I realize I haven’t written a post in over a month, and I feel horribly guilty about it. The one good thing about not having the time to write blog posts frequently is that I now have a stockpile of ideas, and plenty of material to write more frequent posts.

What I would like to address in today’s post is some of the ongoing efforts from journals, government agencies, and open source communities have taken to address the need to publish data, in all of its messy and intricate formats. Similar to my previous posts, I will describe each of the efforts that I find to be promising in terms of their ability to tackle this massive, and complicated task. In case readers are unfamiliar with the concept of a data publication, I define the concept based on a hybrid of different viewpoints from papers by Borgman, Lynch, Reilly et al., Smith, and White:

A data publication takes data that has been used for research and expands on the ‘why, when and how’ of its collection and processing, leaving an account of the analysis and conclusions to a conventional article.

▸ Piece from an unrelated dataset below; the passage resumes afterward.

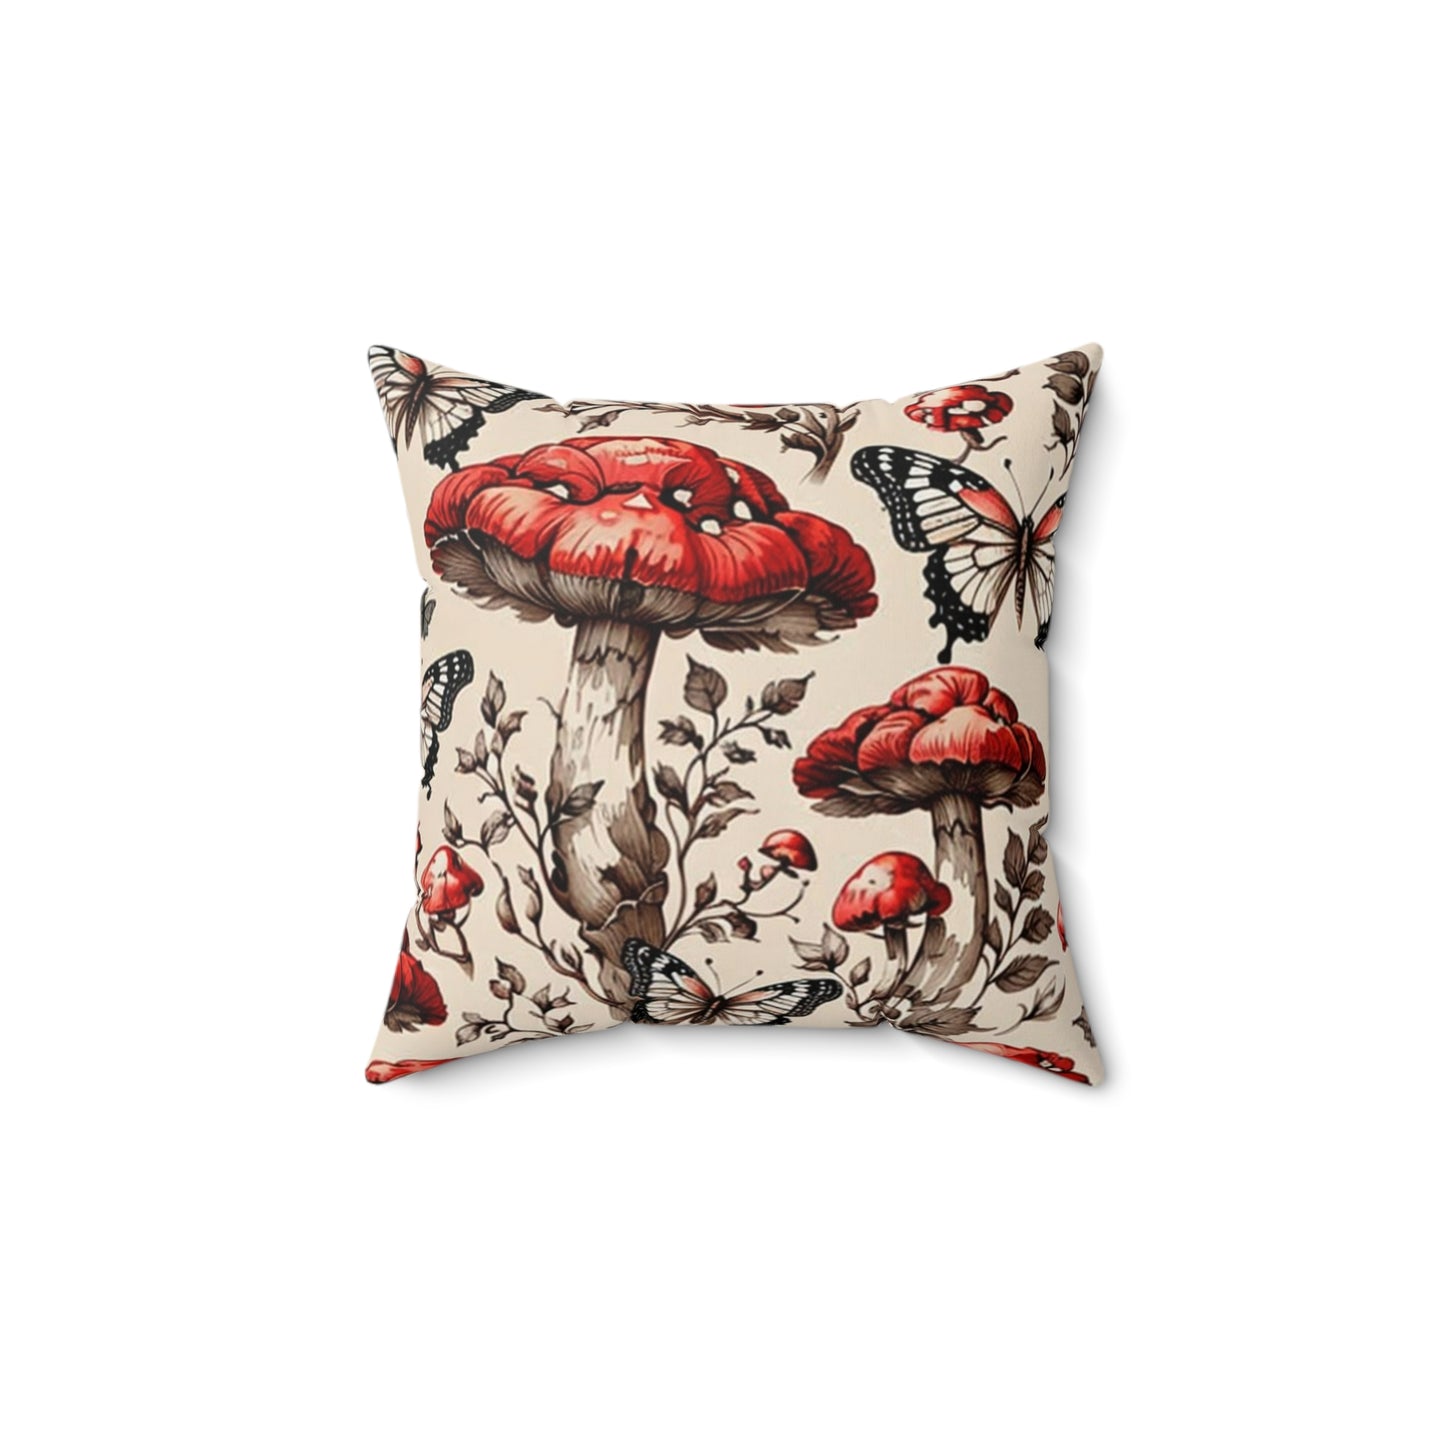 Vintage Mushroom Pillow for Home Deco, Square, Red, Butterflies, Tan, Boho Room, Living Space, Unique Design, Original Print

A data publication should  include metadata describing the data in detail such as who created the data, the description of the type of data, the versioning of the data, and most importantly where the data can be accessed (if it can be accessed at all). The main purpose of a data publication is to provide adequate information about the data so that it can be reused by another researcher in the future, as well as provide a way to attribute data to its respective creator. Knowing who creates data provides an added layer of transparency, as researchers will have to be held accountable for how they collect and present their data. Ideally, a data publication would be linked with its associated journal article to provide more information about the research.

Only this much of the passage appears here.